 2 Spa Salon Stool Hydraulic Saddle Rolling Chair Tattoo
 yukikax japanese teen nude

---

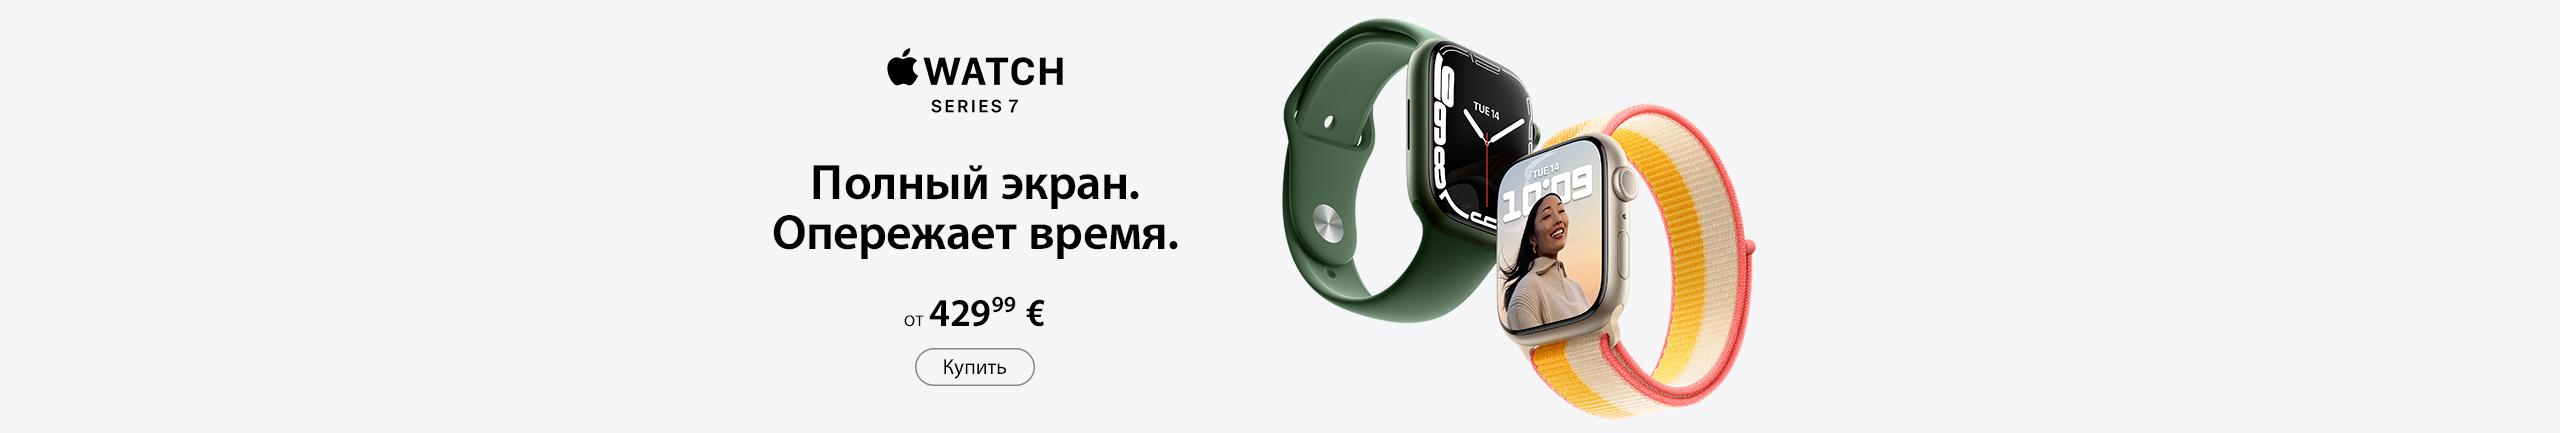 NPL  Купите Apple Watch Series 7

_YOUR TASK_. The reply should consist solely of the lines above from the one that has "2 Spa Salon" through the one that has "yukikax japanese teen nude", reproduced exactly.

_EXERCISE SOLUTION_.
 2 Spa Salon Stool Hydraulic Saddle Rolling Chair Tattoo
 yukikax japanese teen nude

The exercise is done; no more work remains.